I need the lines from the one holding "Bill Gates Advocates" to the last line of the data below repeated exactly, both included, without pictures.

DATA SEGMENT
-- Opening Marker --

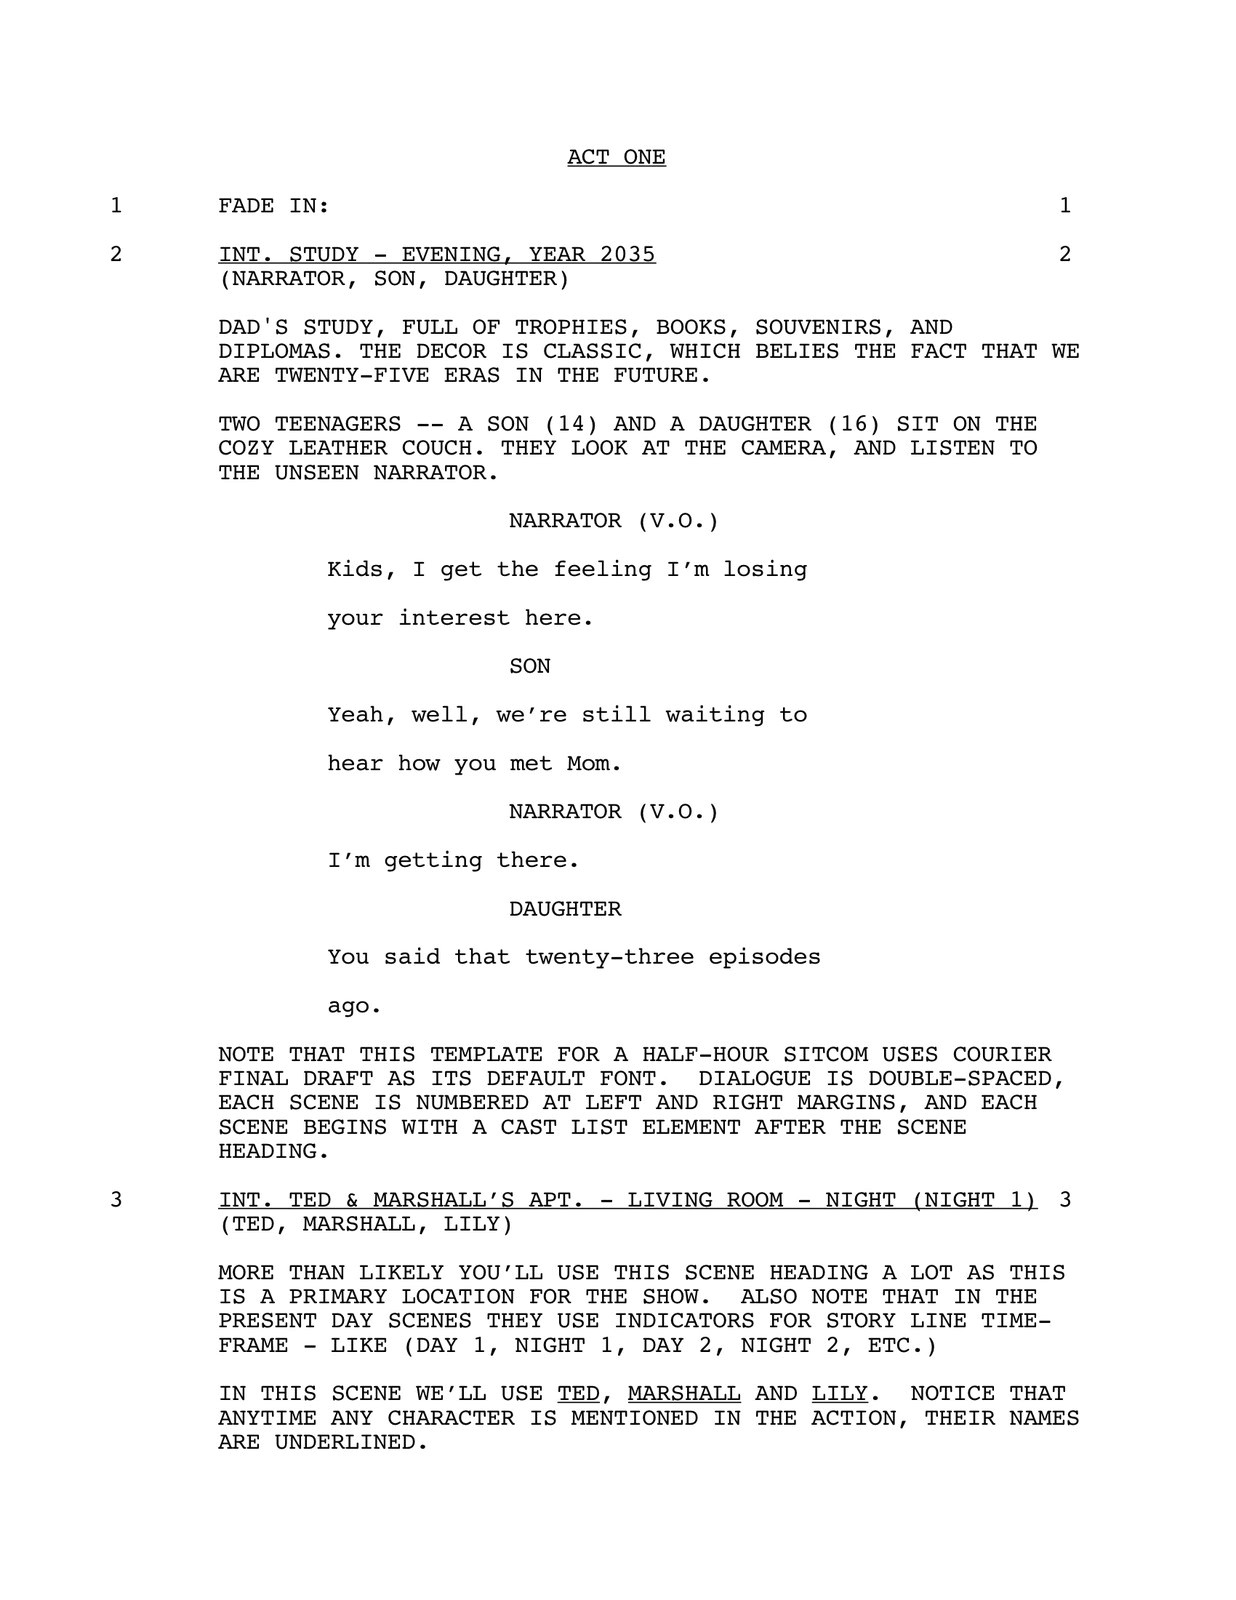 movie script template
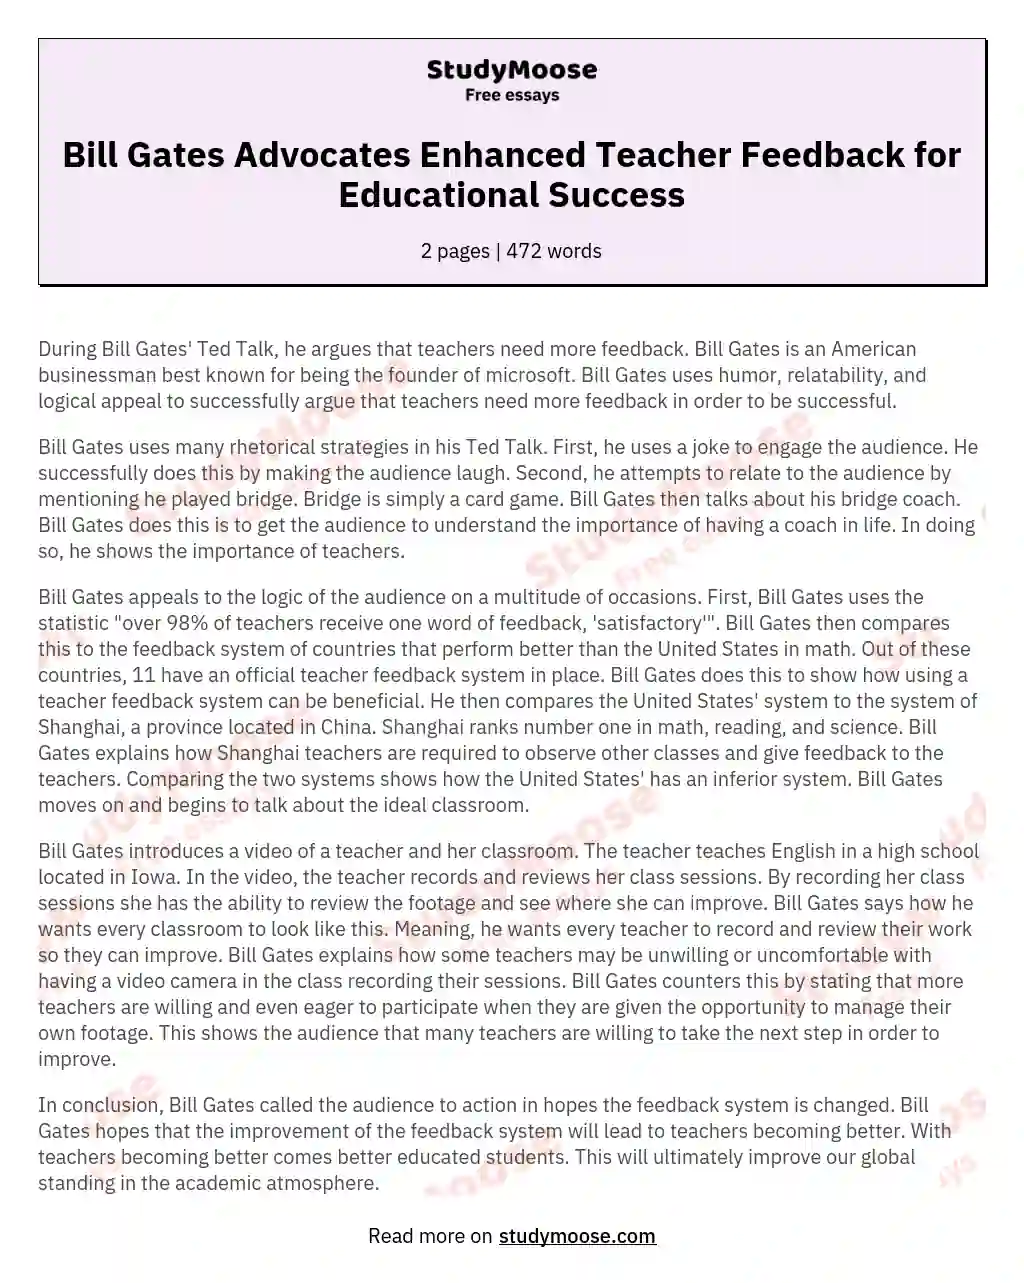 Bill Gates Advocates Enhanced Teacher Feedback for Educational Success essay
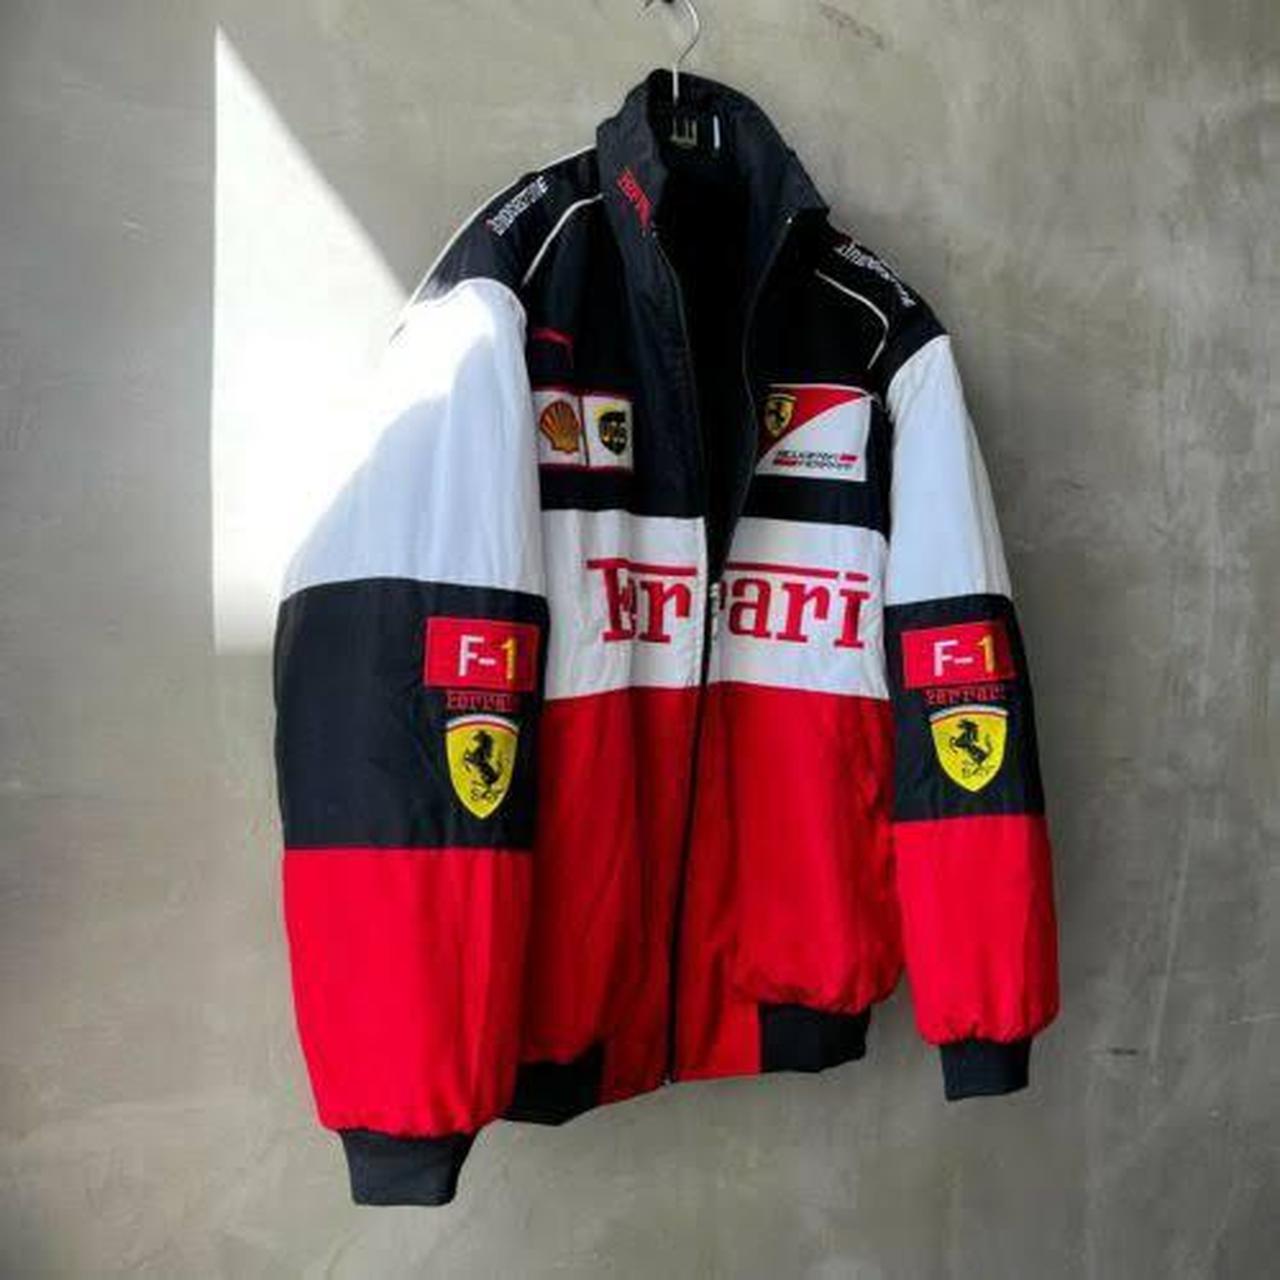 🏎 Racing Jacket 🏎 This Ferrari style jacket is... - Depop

-- Closing Marker --

EXERCISE SOLUTION
 Bill Gates Advocates Enhanced Teacher Feedback for Educational Success essay
 🏎 Racing Jacket 🏎 This Ferrari style jacket is... - Depop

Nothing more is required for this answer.